Лариса продолжала смотреть  вопросительно.

— Собираюсь в один дом, может, порисую. Впрочем, если ты занята, я возьму такси.

Подумав, Лариса  согласилась.

Не было сказано, в какой дом поедут; Аркадий Максимович приготовил походный альбом для рисования, карандаш. Лариса заправила «Волгу». Вечером, сев за руль, она спросила с подчеркнутым безразличием:

— Куда?

Отец не совсем любезно буркнул:

— Ты, кажется, дорогая, теряешь чувство меры?.. Вот только найдем ли его квартиру? Лариса вдруг улыбнулась.

— Аныкины живут в заводских домах, — и повела машину мимо Белорусского вокзала.

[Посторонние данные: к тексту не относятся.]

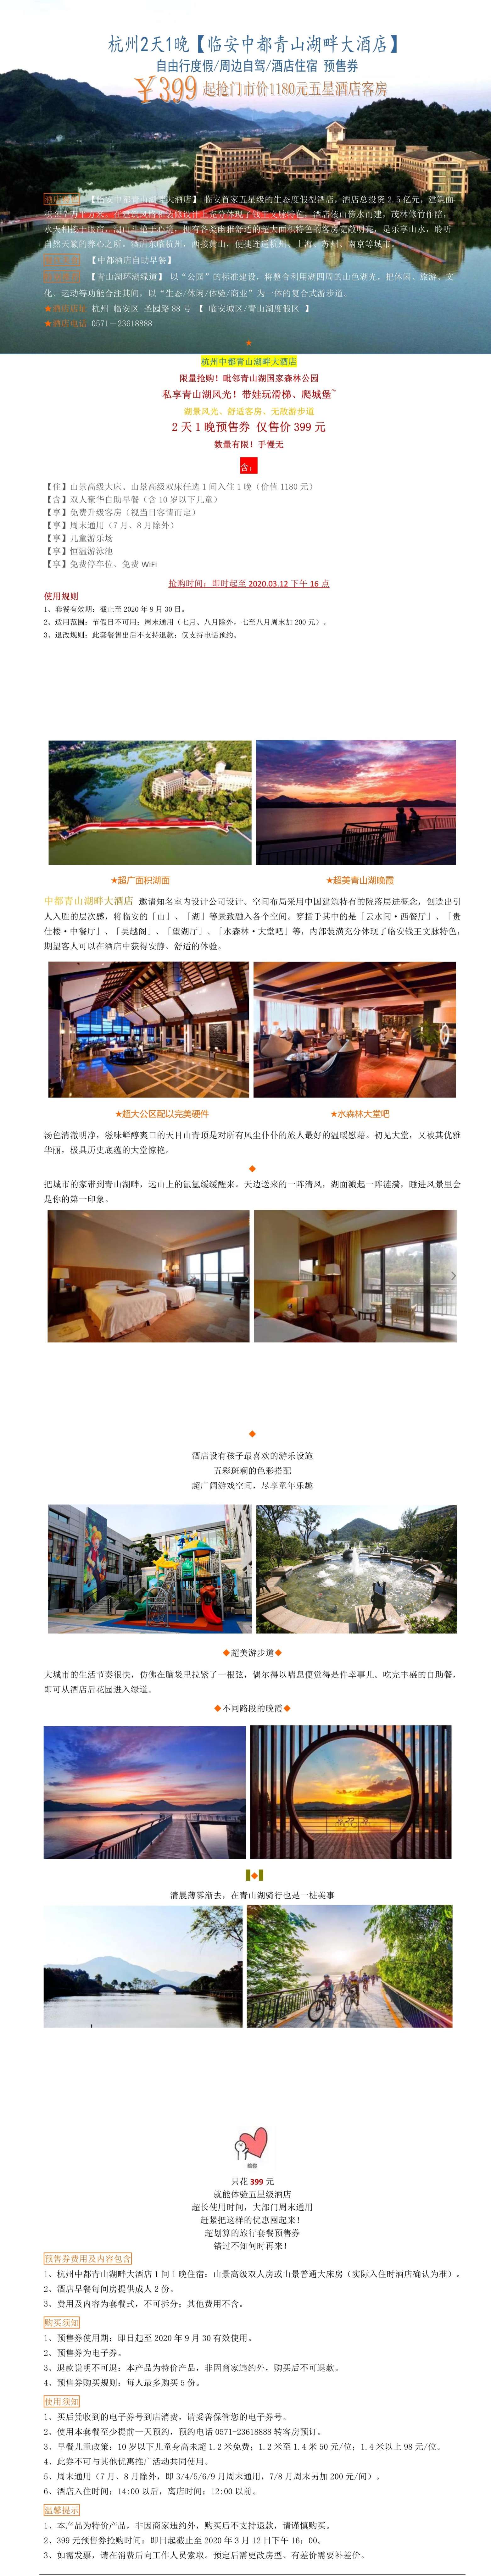 中都青山湖畔酒店3.12预售信息.jpg

За подмороженными окнами автомобиля промелькнул волшебно расцвеченный центр города с гирляндами неоновых огней, с нарядными бульварами, с матовыми золотистыми фонарями на перекрестках, с очищенными от сугробов тротуарами. Затем машина некоторое время неслась по старинным изогнутым улицам. Движение здесь было тише, деревья стояли темные, заснеженные, тускло блестели трамвайные рельсы. Наконец надвинулась рабочая окраина — доживающие свой век деревянные халупы и рядом многоэтажные каменные домищи новостроек. Витрина огромного универмага сияла тем же спокойным лиловатым люминесцентным светом, что и магазины на Арбате, в Охотном ряду; афиша клуба была расцвечена красными, зелеными лампочками; за чугунными решетками сквера между голыми липами вздымалась чаша фонтанчика. Близость заводов угадывалась по дымному налету на стенах зданий, а закопченный снег казался каким-то особенным — ночным.

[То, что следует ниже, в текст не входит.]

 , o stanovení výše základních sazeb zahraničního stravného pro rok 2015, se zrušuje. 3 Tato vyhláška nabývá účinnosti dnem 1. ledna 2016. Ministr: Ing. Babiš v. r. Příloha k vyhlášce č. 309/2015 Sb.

Квартиру, где жили Аныкины, указал дворник. Дверь открыла величавая дородная женщина в чистом переднике, в шлепанцах, с узлом седых волос на макушке.

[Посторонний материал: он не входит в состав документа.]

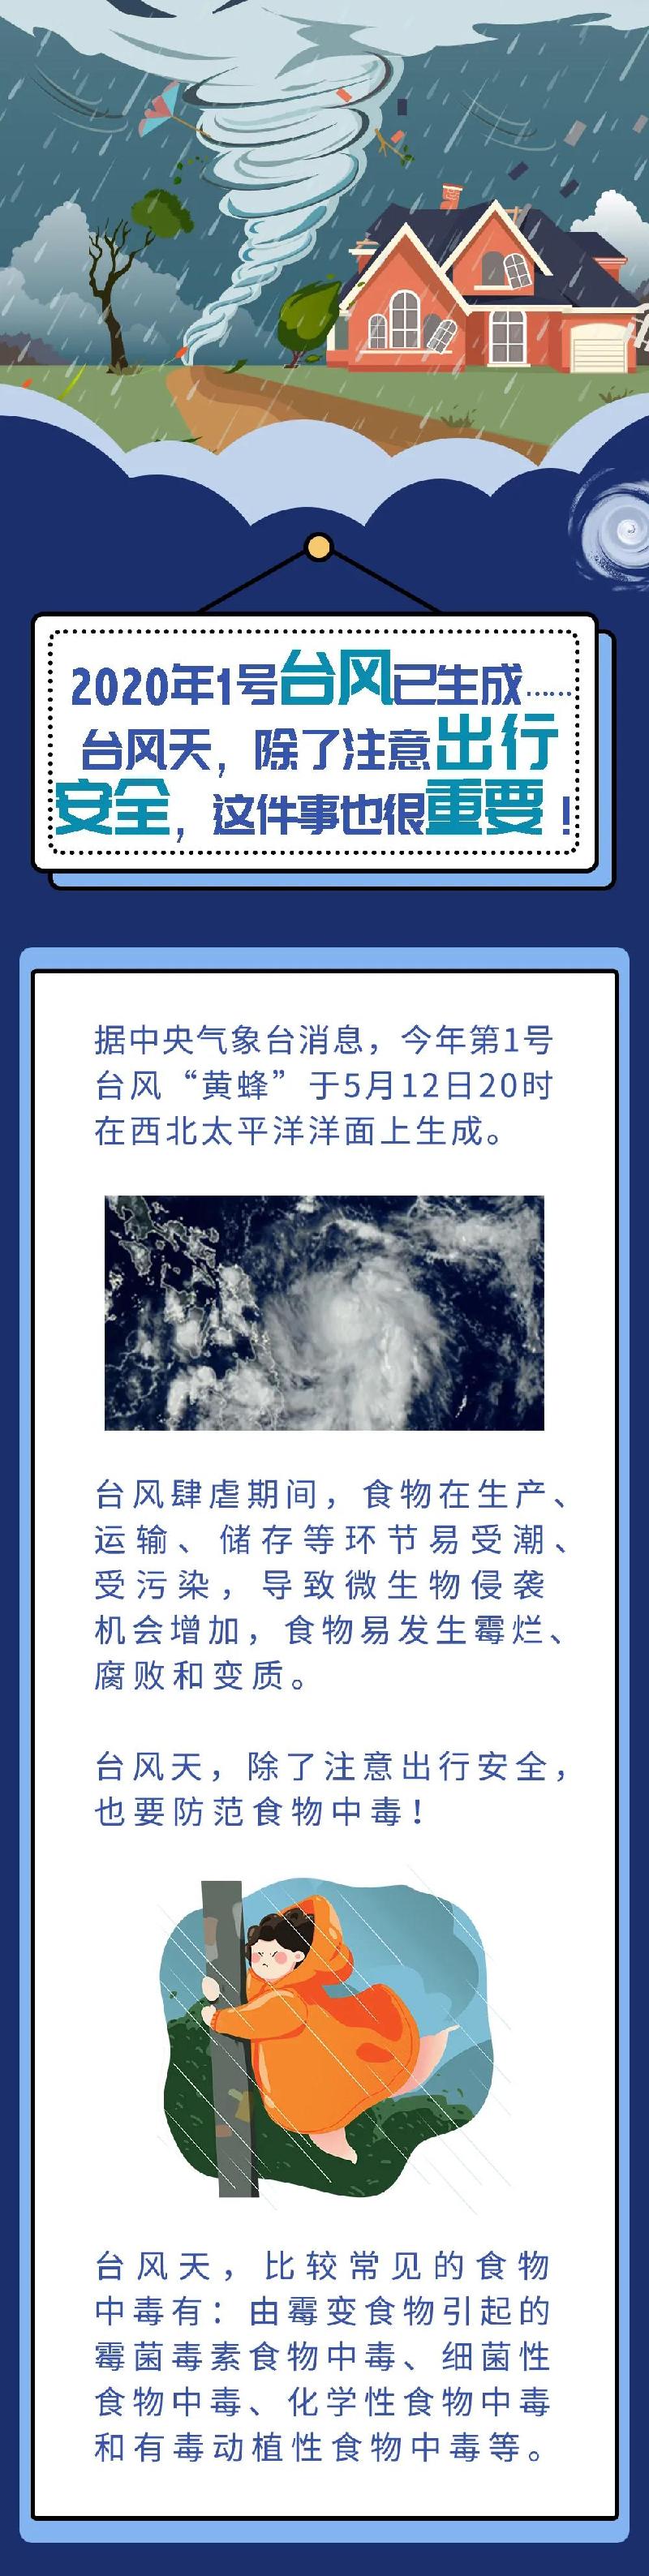 防灾减灾宣传周丨2020年1号台风已生成，台风天这些知识很重要！

— Вы... мамаша Платона Алексеевича? — спросил художник.

— Верно. Мамаша, Клавдия Саввишна, — удивленно и с важностью отозвалась женщина; голос у нее был звучный. — Видались где? Ай просто глаз цепкий? Проходите.

Комната была небольшая, но опрятная. От серебристых обоев, от пузатого шкафа, от пестрых половичков веяло чистотой и заботой. Над большим приемником «Урал» висела аляповатая картина в новой раме, видно купленная на базаре. За цветастой ширмой был виден угол конторского стола с одной тумбочкой; из-за него, не выпуская из рук учебника, поднялся Платон. Кадаганов остановился, не снимая пыжиковую шапку. Лариса разглядывала оранжевый шелковый абажур, ковер над кроватью, медленно снимала кожаные расшитые рукавички.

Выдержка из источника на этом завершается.